This issue has not gone away. It is an enormous opportunity for small new American distillers. Distillers who export do not pay Federal or State excise taxes on the products shipped overseas. Export aids the balance of trade and is encouraged by the Fed.

Just a reminder: Louis Armstrong, Jimi Hendricks, Count Basie, indeed many more black performers who couldn't get a bed in a hotel or a booking in white America went to Europe where their color was of less consequence than the quality of their work. Then they came back here with street cred and became the pioneer black American musicians. And you know what? It's just a plane ride away.

But the EU inclusion of American Bourbon and American Rye whiskey types (called out specifically) in EU law is pure and simple protectionism and has to be addressed.

Link to comment
Share on other sites

Just a reminder: Louis Armstrong, Jimi Hendricks, Count Basie, indeed many more black performers who couldn't get a bed in a hotel or a booking in white America went to Europe where their color was of less consequence than the quality of their work. Then they came back here with street cred and became the pioneer black American musicians. And you know what? It's just a plane ride away.

But the EU inclusion of American Bourbon and American Rye whiskey types (called out specifically) in EU law is pure and simple protectionism and has to be addressed.

I love your attitude Ralph. Knockem' dead!

Link to comment
Share on other sites

With the help of Senator Gillibrand's office and some pushing from the US Ambassador to Belgium and his Dept. of Commerce staff there has been a response from the TTB to the issue.

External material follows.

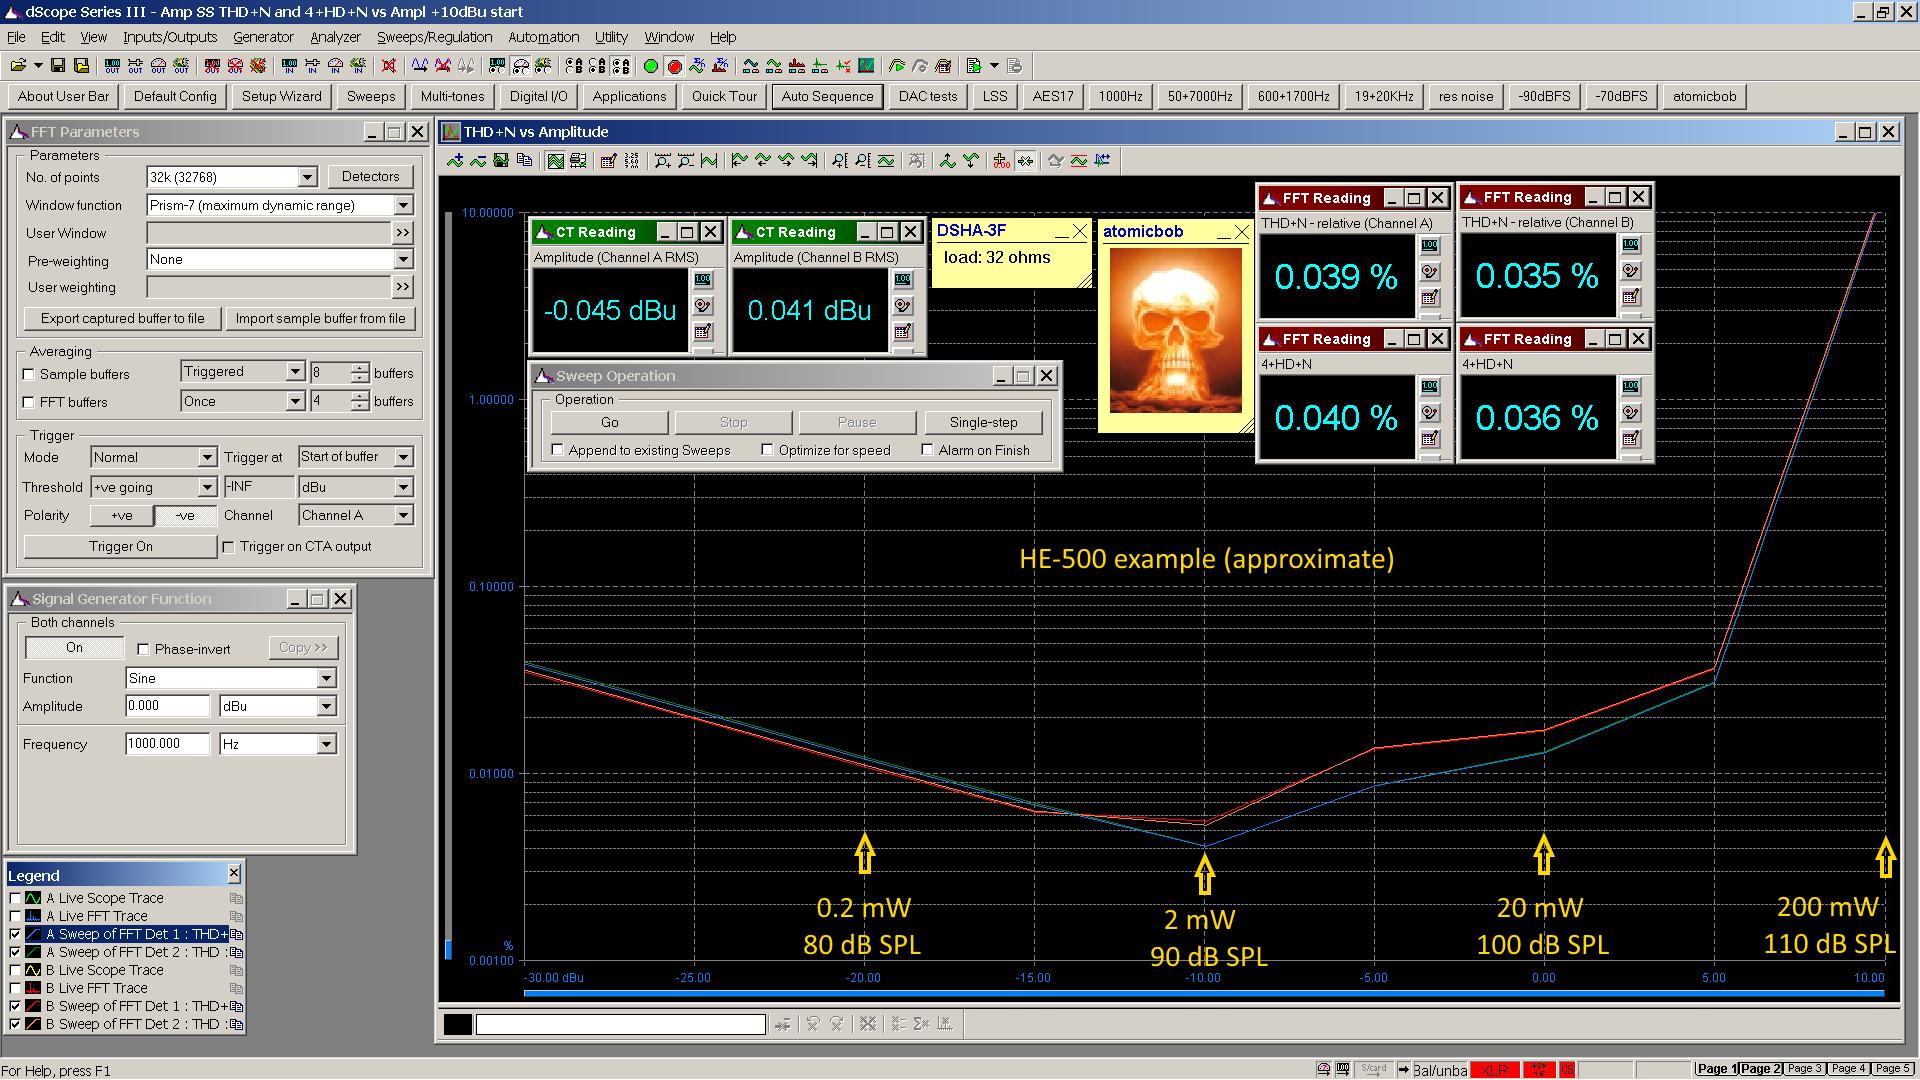 20191021-2 DSHA-3F THD+N  nth-HD vs amp 32R - annotated HE-500.png

Unfortunately the TTB Counsel who wrote me suggested, rather than free American Spirits from EU control, there is the opportunity to market American Spirits that do not meet the EU requirements for whiskey/whisky by simply calling our whiskey "aged grain spirits". The obvious response to this suggestion is: "It's WHISKEY."

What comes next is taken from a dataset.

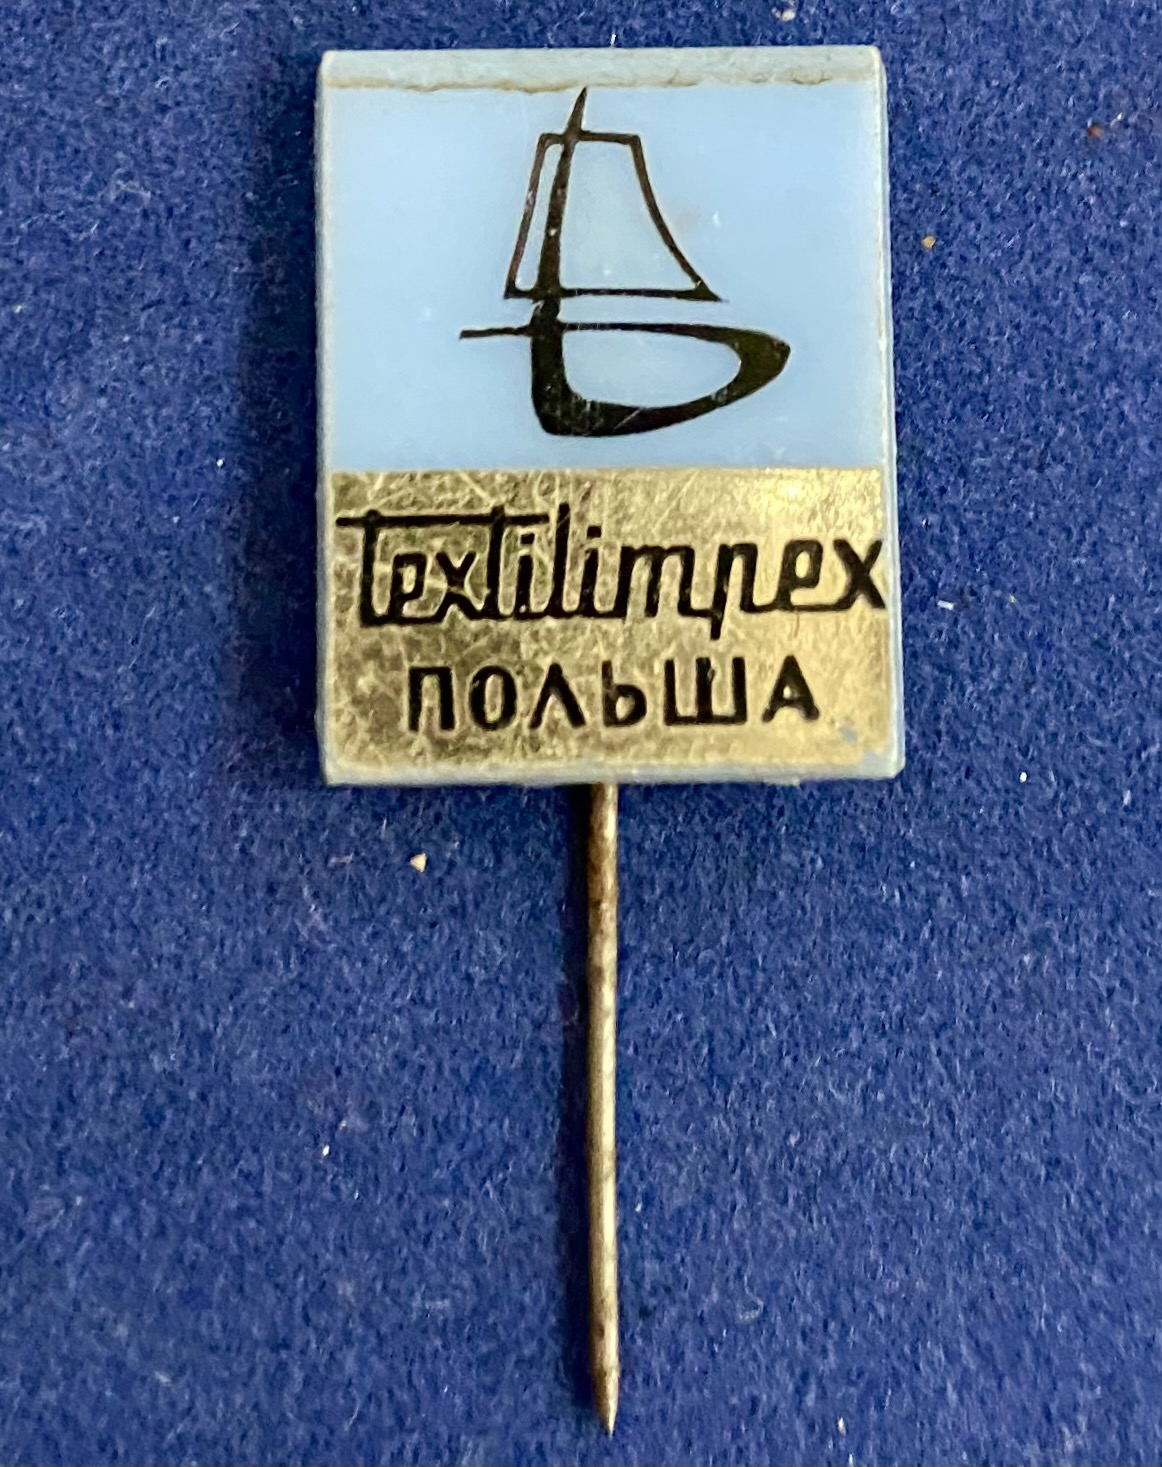 Значок на иголке Textilimpex Польша

The more salient point however is quid pro quo; the US CFR defers to the country of origin for determination of the criteria for defining a "national spirit". This argument is strengthened by the text of EU law which specifically includes "American Bourbon and Rye" whiskey, recognizing the provenance of the spirits.

The Department of Commerce and the International Trade authorities must insist the EU recognize the fact of common international agreement: definitions of National Spirits are the right of the Country of Origin. Certainly the French know this: Cognac, Champagne and Calvados may only be made in France under French rules. The same applies to Grappa in Italy and Tequila in Mexico. And of course the most obvious example is Scotch Whisky, which must be made in Scotland. It is common international trade practice.

Any new distiller in the US who intends to make whiskey is affected by this inequity. Contact your Senator or Congressman and insist they weigh in on this.Remind them the dire state of our balance of trade.

This is not a rhetorical suggestion. 200 American tax paying distillers calling their Legislators and the Department of Commerce would draw their attention. And your State Legislators can get on board too, since your success brings money from the EU to your State in the form of jobs creation, economic development, agricultural opportunity.

Link to comment
Share on other sites

  • 4 months later...

The following is Chuck Cowdery's comment from the Swiss/Absinthe thread, to continue the discussion here at this thread which is focused on the problem with EU law redefining American Whiskey:

During the 14th century, Lithuania was the largest country in Europe. Present-day Belarus, Ukraine, and parts of Poland and Russia were territories of the Grand Duchy of Lithuania.

When Lithuanians talk about returning their nation to her historical borders, guess which borders they mean?

That's the problem with appealing to the "historical" understanding of something. Why should the definition that applied, say, 200 years ago, be considered superior to the current one?

There was a piece of meaningless fluff on the Discovery Channel last night called "How Whiskey Made America." As far-fetched as their stories were, they were only fetched at all if you consider "whiskey" and "alcohol" synonyms.

After the Civil War, the growth of railroads and introduction of the column still transformed distilling from an extension of agriculture into a fully commercialized industry. Terminology was pretty simple then. If it was made from grain it was whiskey, just like it was rum if made from molasses and brandy if made from grapes.

People who took the newly-available grain alcohol (what we call vodka) and flavored it with tea, prune juice, tobacco, and other ingredients to resemble aged whiskey felt entitled to call their product whiskey too, since it was made from grain.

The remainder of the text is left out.